Arai N, Umeda M, Shirai T
First Department of Internal Medicine, Toho University, School of Medicine, Tokyo.
Rinsho Ketsueki. 1990 Apr;31(4):516-20.
This paper reports a case of non-Hodgkin's lymphoma concurrent with cyclic neutropenia. A 59-year-old man who exhibited a neutropenia at a periodicity of 14-20 days from July 1986 was diagnosed as having cyclic neutropenia, and was re-admitted to our hospital because of an abdominal tumor in April 1988. Gastroscopy revealed a Borrmann II-like elevated lesion, and abdominal CT scanning showed a low density area in the liver and swelling of the para-aortic lymph nodes. According to histological examination of the stomach and the liver, the patient was diagnosed as having non-Hodgkin's lymphoma (diffuse, medium-cell type). After completion of three courses of COP-BLAM III therapy, which was started on June 7, a partial response was achieved. However, the patient had a relapse and died on May 12, 1989. Cyclic neutropenia in this case was not considered to be due to an immunological abnormality mediated by lymphocytes, but may have been caused by an excessive response of the negative feedback mechanism due to an increase in CIA (Colony-inhibiting activity) of neutrophils. The fact that the patient's EB virus antibody titer became higher than at this initial hospitalization suggests the possible transition from chronic EB virus infection into malignant lymphoma.
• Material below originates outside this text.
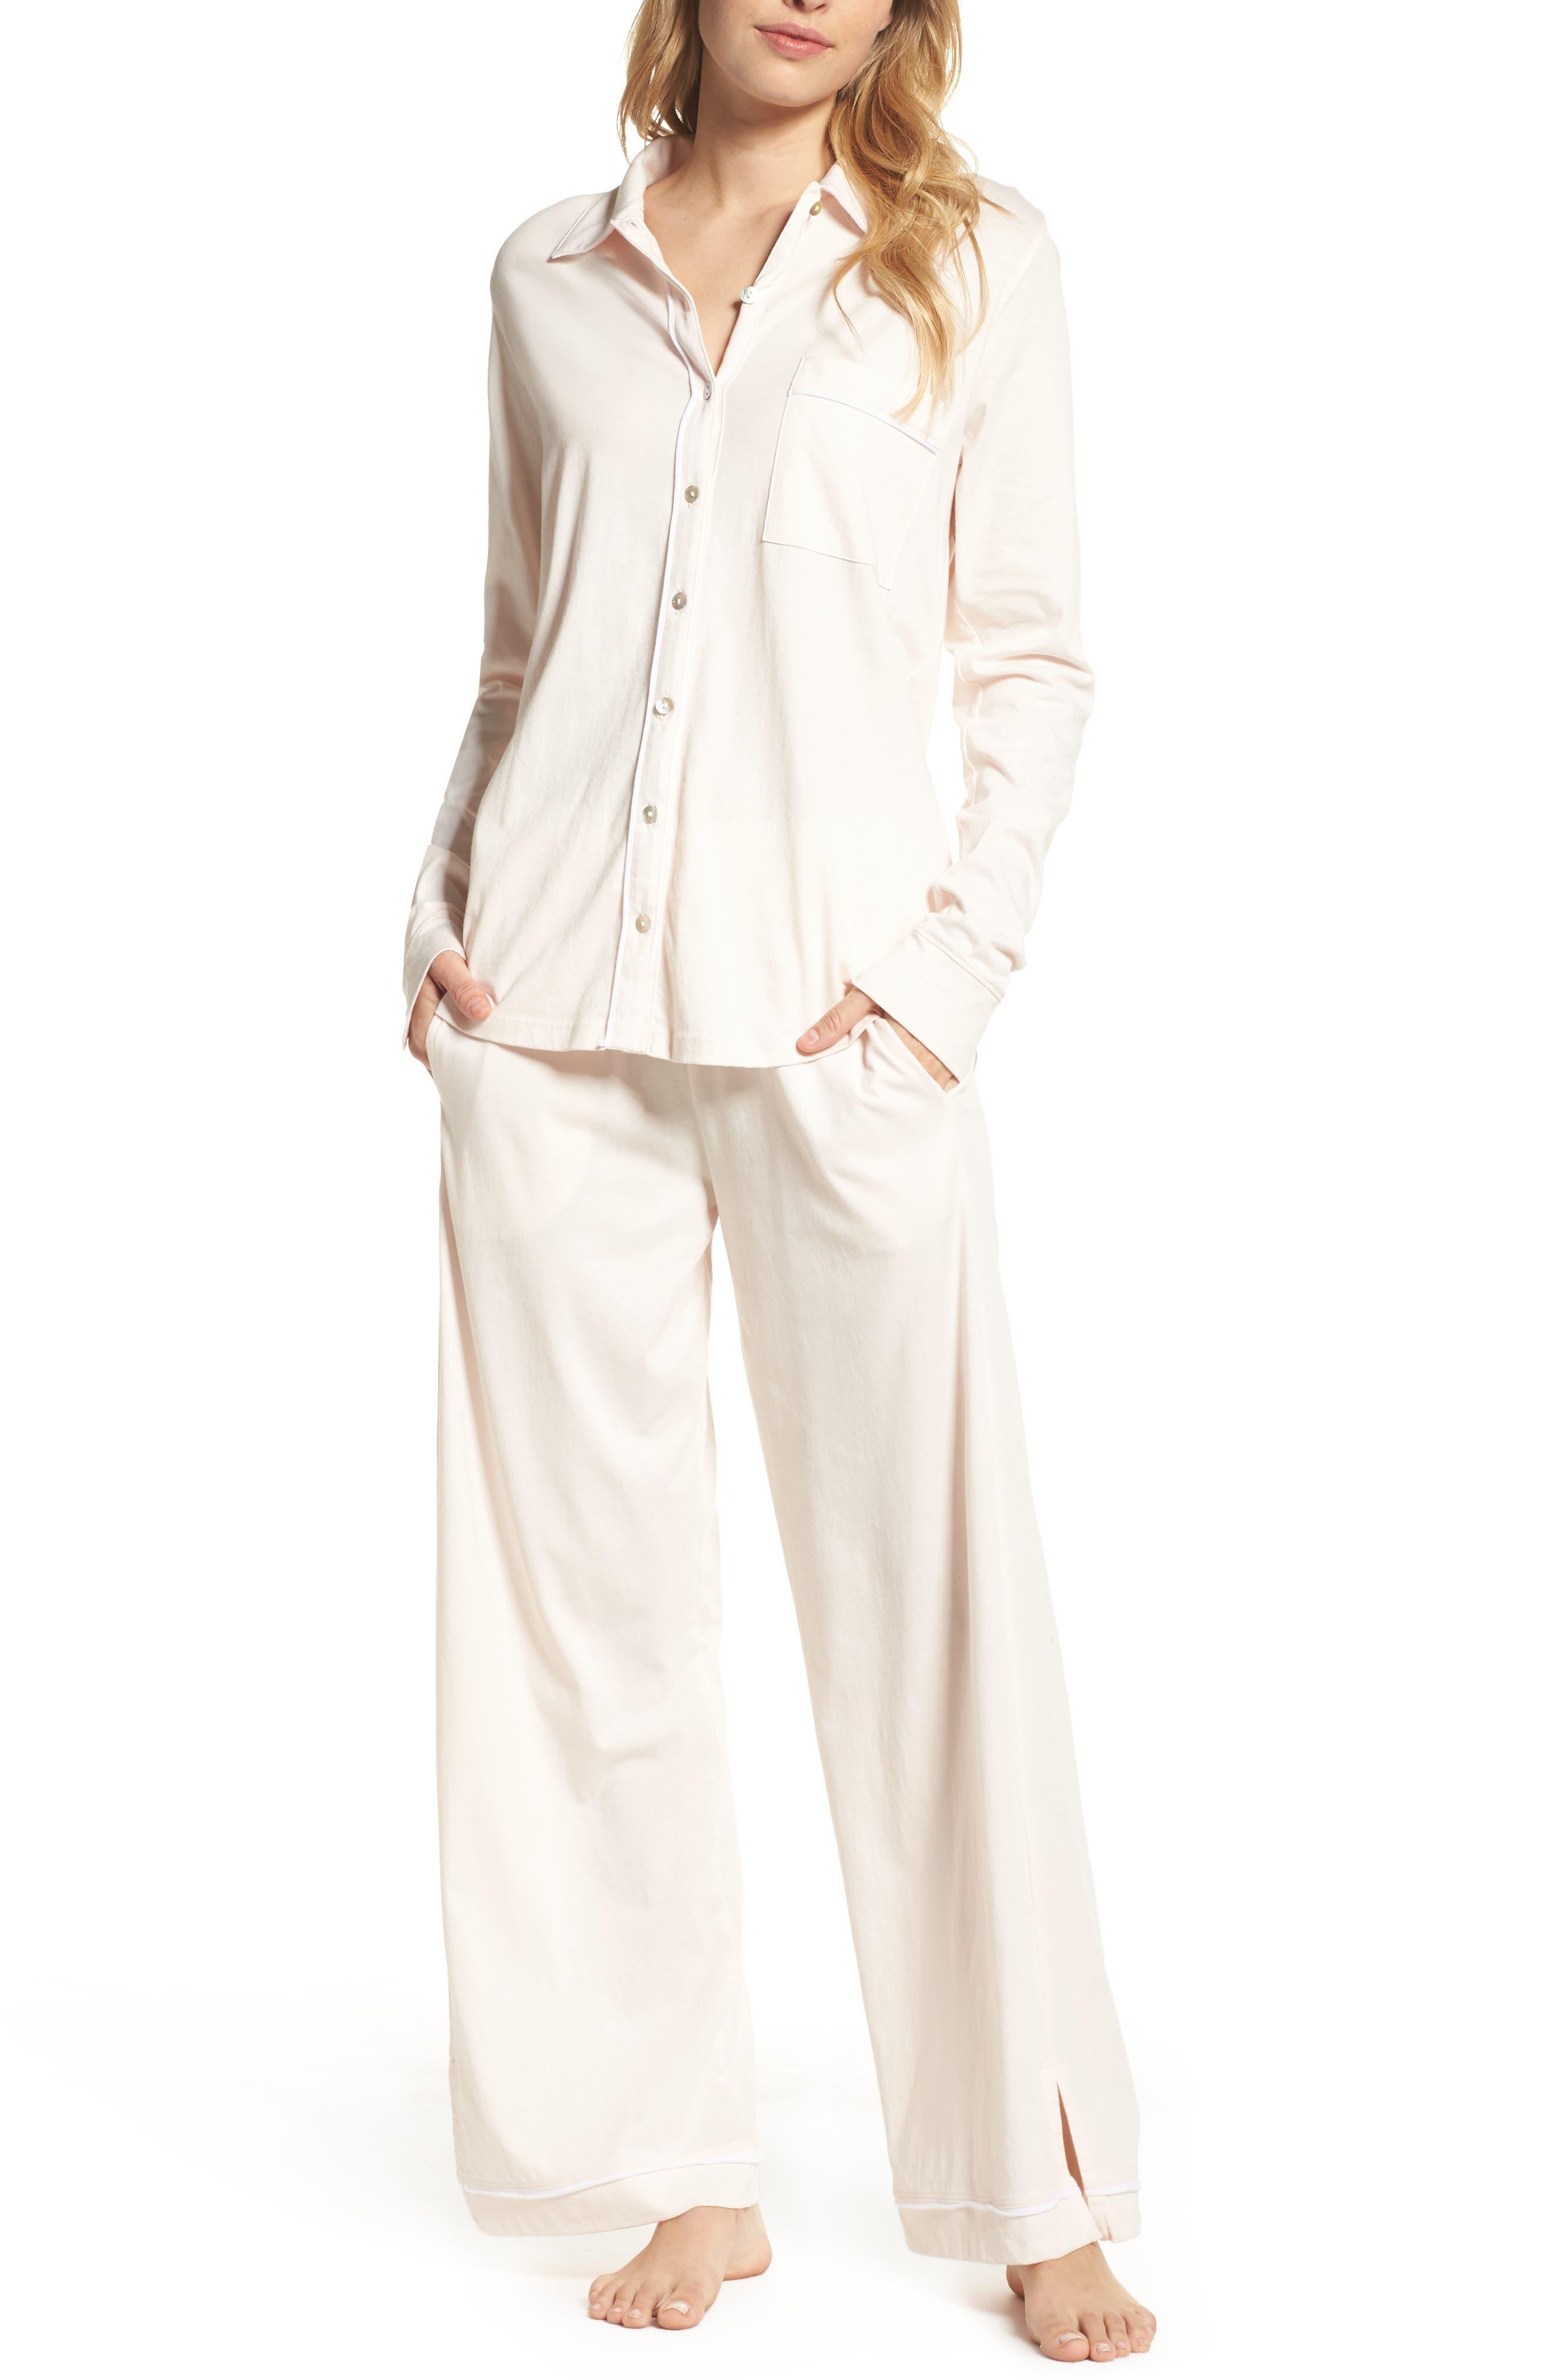 Penelope Pima Cotton Pajamas,                             Main thumbnail 1, color,                             689

本文报告一例非霍奇金淋巴瘤并发周期性中性粒细胞减少症的病例。一名59岁男性自1986年7月起每隔14 - 20天出现一次中性粒细胞减少症,被诊断为周期性中性粒细胞减少症,1988年4月因腹部肿瘤再次入院。胃镜检查发现类似Borrmann II型的隆起病变,腹部CT扫描显示肝脏有低密度区以及主动脉旁淋巴结肿大。根据胃和肝脏的组织学检查,该患者被诊断为非霍奇金淋巴瘤(弥漫性,中细胞型)。6月7日开始进行三个疗程的COP - BLAM III治疗后,取得了部分缓解。然而,患者复发并于1989年5月12日死亡。该病例中的周期性中性粒细胞减少症并非被认为是由淋巴细胞介导的免疫异常所致,而可能是由于中性粒细胞的集落抑制活性(CIA)增加导致负反馈机制过度反应引起的。患者的EB病毒抗体滴度比首次住院时更高这一事实提示可能从慢性EB病毒感染转变为恶性淋巴瘤。